▶ **HOW TO COMPLETE THIS TASK**:
Repeat exactly the line with "Yoga Mala |" and each line after it to the end of the data below; pictures stay out.

▶ **SUPPLIED DATA**:
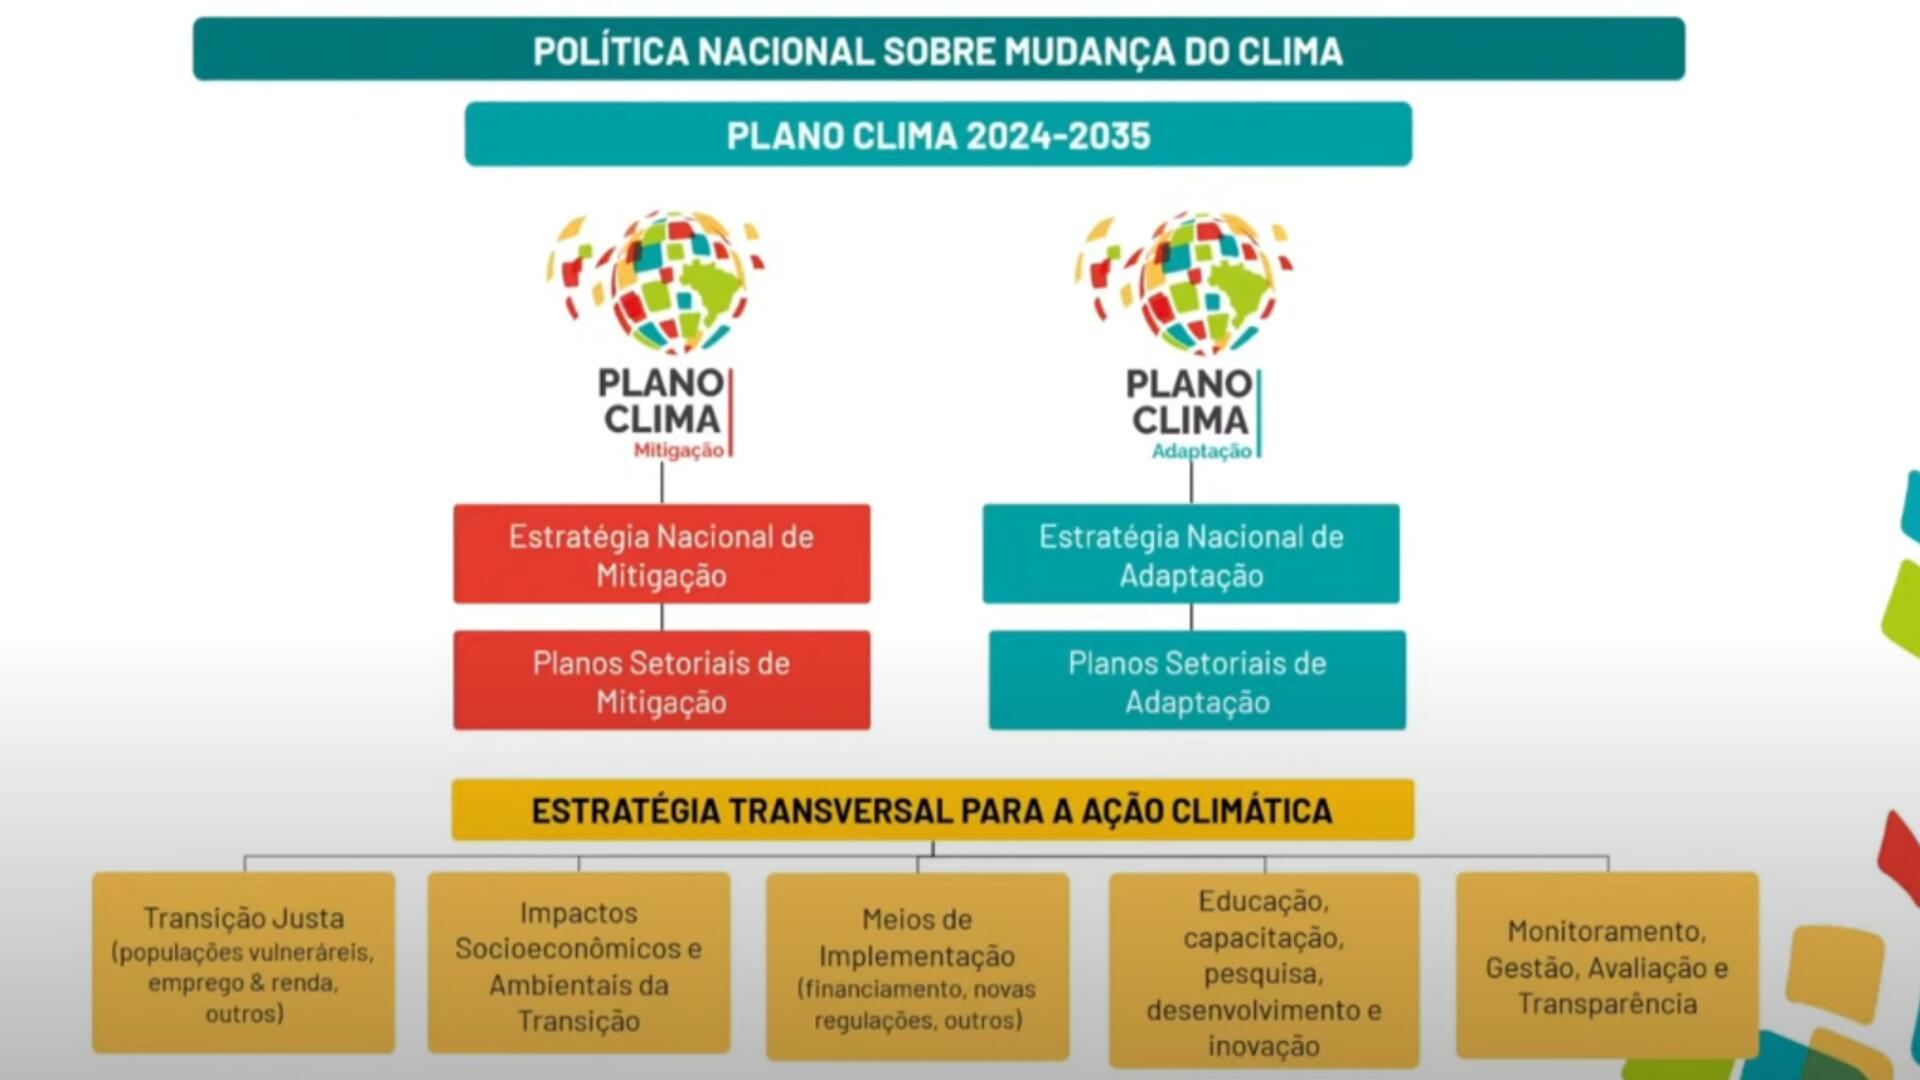 Resumo das estratégias transversais do Plano Clima apresentadas pelo governo no dia 17 de maio de 2024 em uma live no YouTube.<br />
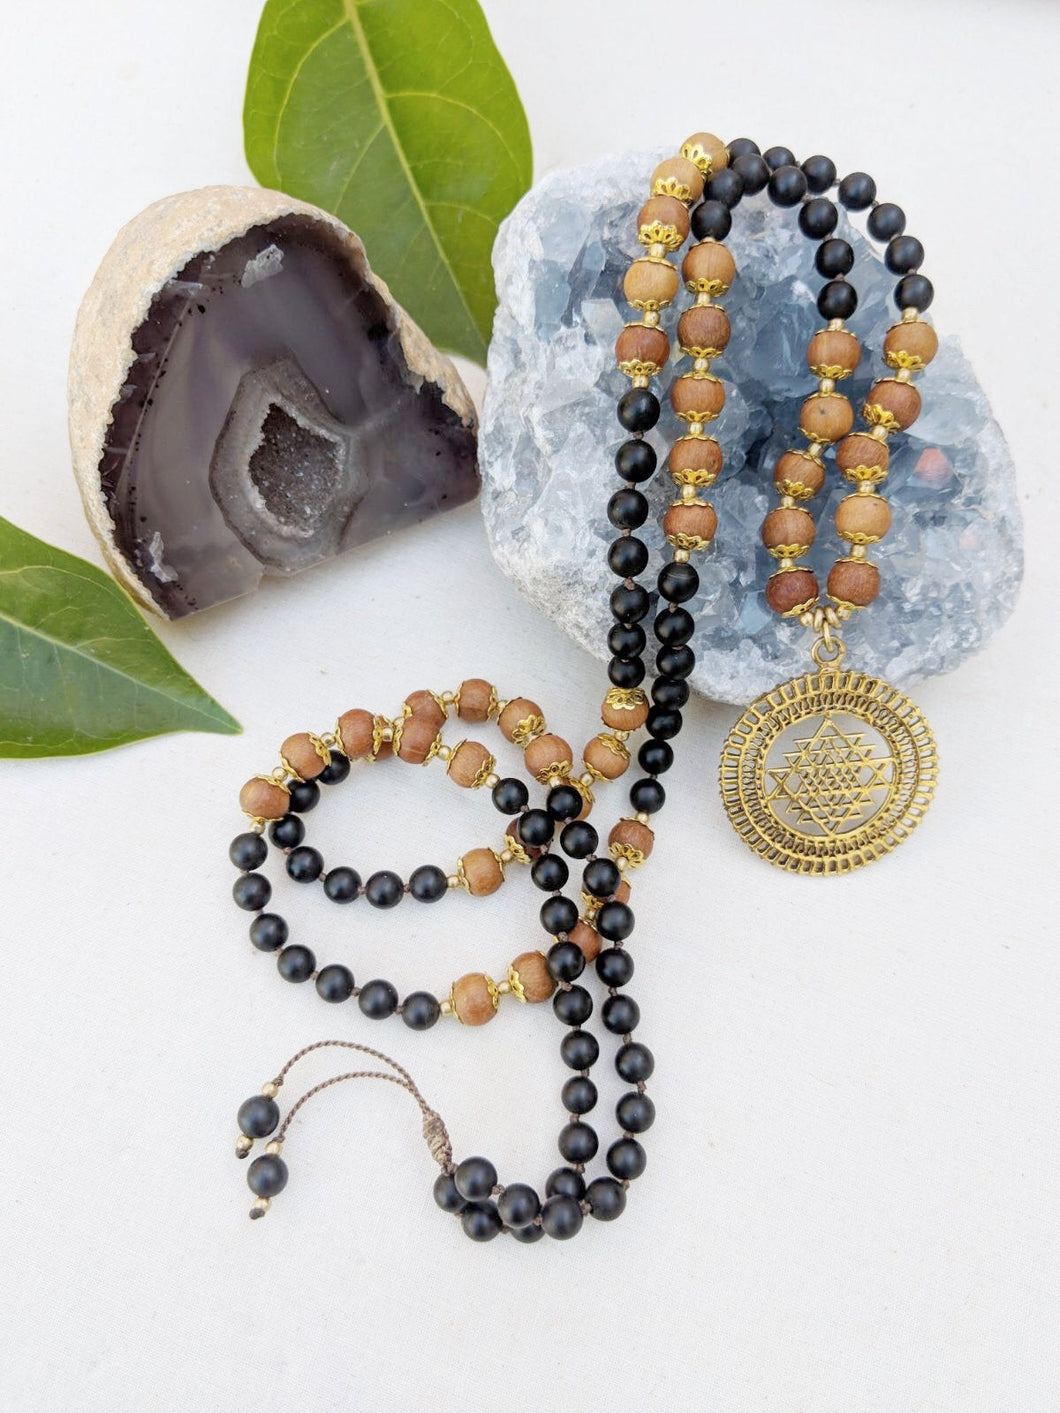 Yoga Mala | Black Onyx Sandalwood Sri Yantra Pendant Necklace | 108 Beads
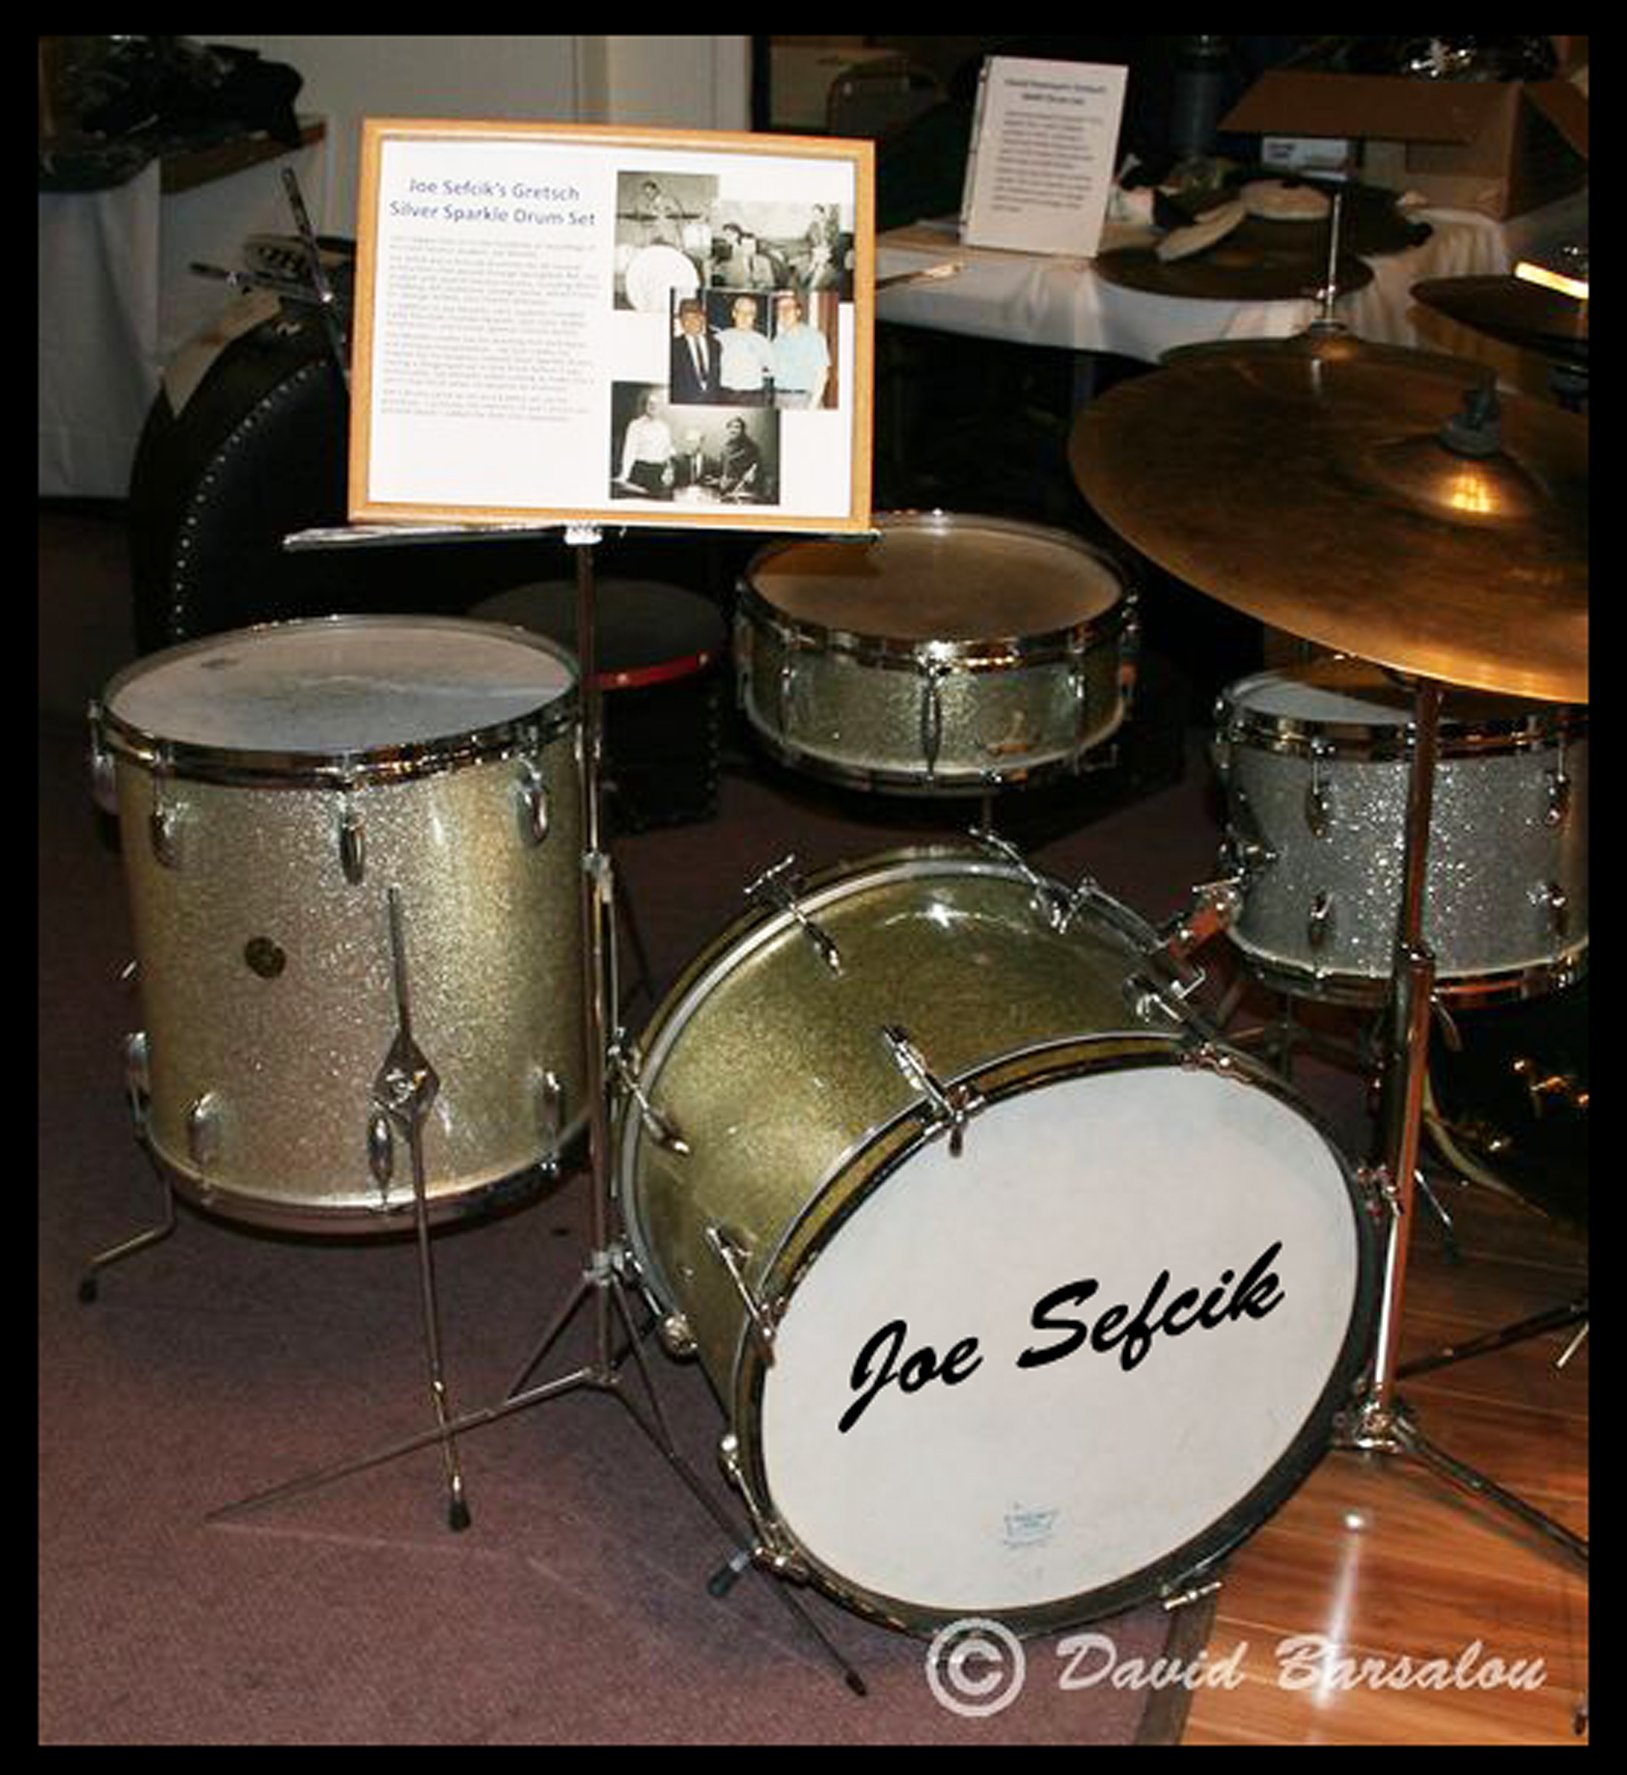 Joe-Sefcik's-Drums.jpg

▶ **ANSWER SPACE**:
 Yoga Mala | Black Onyx Sandalwood Sri Yantra Pendant Necklace | 108 Beads
 Joe-Sefcik's-Drums.jpg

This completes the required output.